Guidelines for Passive Content Promotion and Curation

Requirements

This page details the requirements that are specific to the Passive Content Curation in addition to those expressed for the Reference demonstration environment (link).

Hardware list

  • Probe: One dedicated machine running Tstat as passive traffic probe
  • Repository: One dedicated machine for the repository importer, the analysis modules for the Passive Content Curation, and the website used to present the captured URLs.

Software list

Probe

Repository and analysis modules

  • WeBrowse - an online HTTP request processing module which extracts URLs clicked by users (GitHub repository)

Reasoner

  • Reasoner for the Passive Content Curation (mPlane page)

Software dependencies

  • Probe: Linux OS and Python3
  • Repository: Linux OS, Python3, pymysql and schedule Python modules

Supplemental software dependencies

This software is needed for to enable the presentation module (a website) for the URLs captured by WeBrowse:

  • Apache 2.4.7 or higher (possibly configured in "worker" mode, which requires fast-cgi and php5-fpm packages)
  • MySQL 14.14 or higher
  • PHP 5.5.9 or higher
  • Urllib2 for Python3

Software installation

  • Download and install Tstat; follow the instructions at GitHub repository
  • Download and install the mPlane proxy for the repository, tstatrepository.py (customised for this specific use-case), and the reasoner, reasoner, from the GitHub repository for this demo

Run the software

sudo ./tstat/tstat -l -i DEVNAME -s OUTPUTDIR

Run the mPlane software

Here we assume that [PROTOCOL_RI_DIR] is the folder where the GitHub repository of the mPlane protocol reference implementation has been cloned.

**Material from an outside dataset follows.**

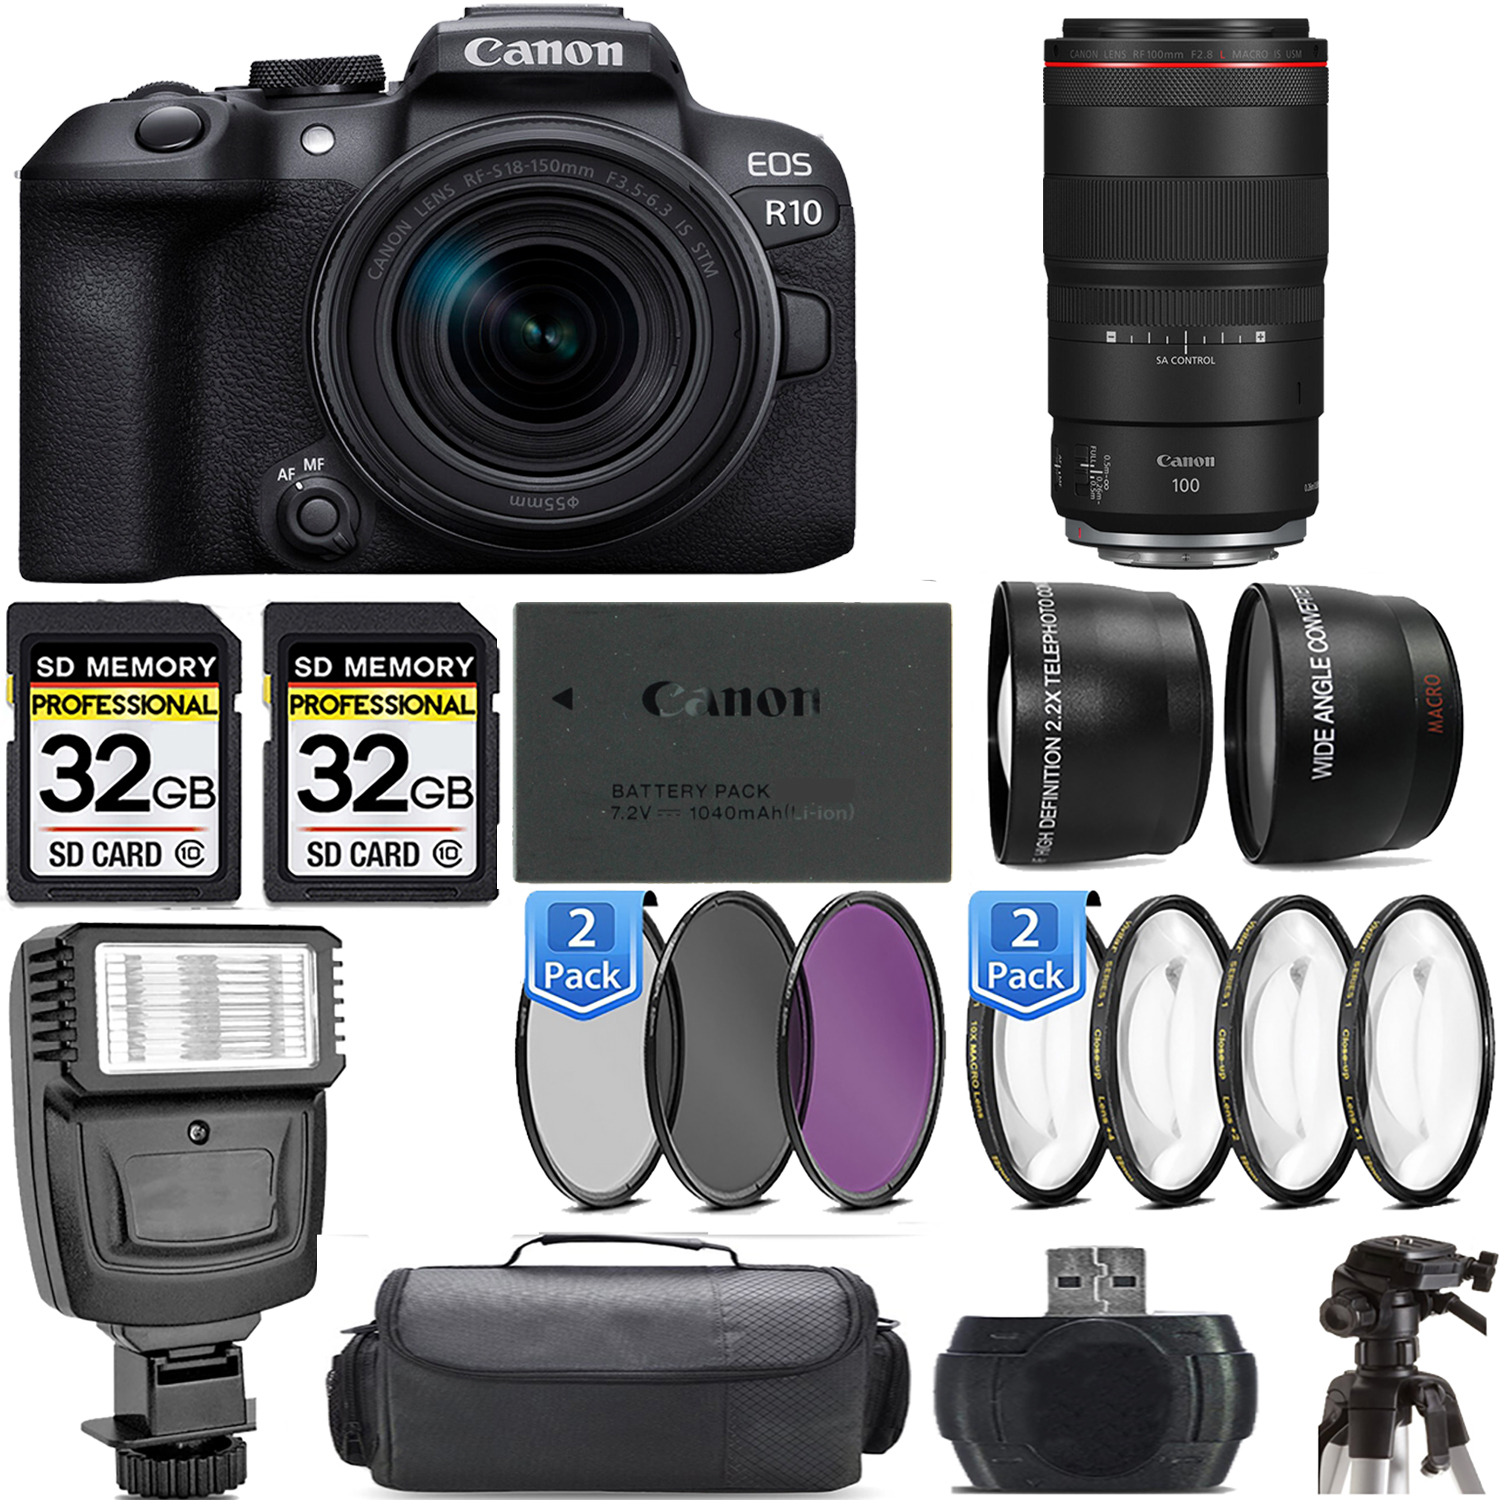 EOS R10 Camera + 18-150mm Lens + 100mm f/2.8 L Macro IS USM Lens + Flash - Kit *FREE SHIPPING*

The code for the use case is available on GitHub under mPlane demo material.

Supervisor

The Python code for the supervisor is the one provided in the mPlane protocol RI repository, i.e., scripts/mpsup. It receives the specification from the reasoner and forwards them to the other mPlane components.

Repository and Analysis Module

tstatrepository.py integrates the capabilities of communicating with Tstat and the interface to the query the analysis module.

Reasoner

reasoner is the Python script for the reasoner. It starts the Passive Content Curation demo by activating the streaming exporter of HTTP logs generated by Tstat, and periodically queries the tstatrepository to obtain the list of the most popular content observed in a given period.

HowTo

1. Set the parameters in the files supervisor.conftstatrepository.confreasoner.conf (e.g., path to certificates, supervisor address, client port and address, and roles)

2. Set the environment variable MPLANE_RI to point to [PROTOCOL_RI_DIR]

$ export MPLANE_RI=[PROTOCOL_RI_DIR]

3. Run the mPlane components:

  • Supervisor

$ ./scripts/mpsup --config ./conf/supervisor.conf

  •  Tstat proxy:

$ ./scripts/mpcom --config ./mplane/components/tstat/conf/tstat.conf

  • Run the Repository proxy:

$ ./scripts/mpcom --config ./mplane/components/tstat/conf/tstatrepository.conf 

  • Run the reasoner (make sure you have set the MPLANE_RI variable)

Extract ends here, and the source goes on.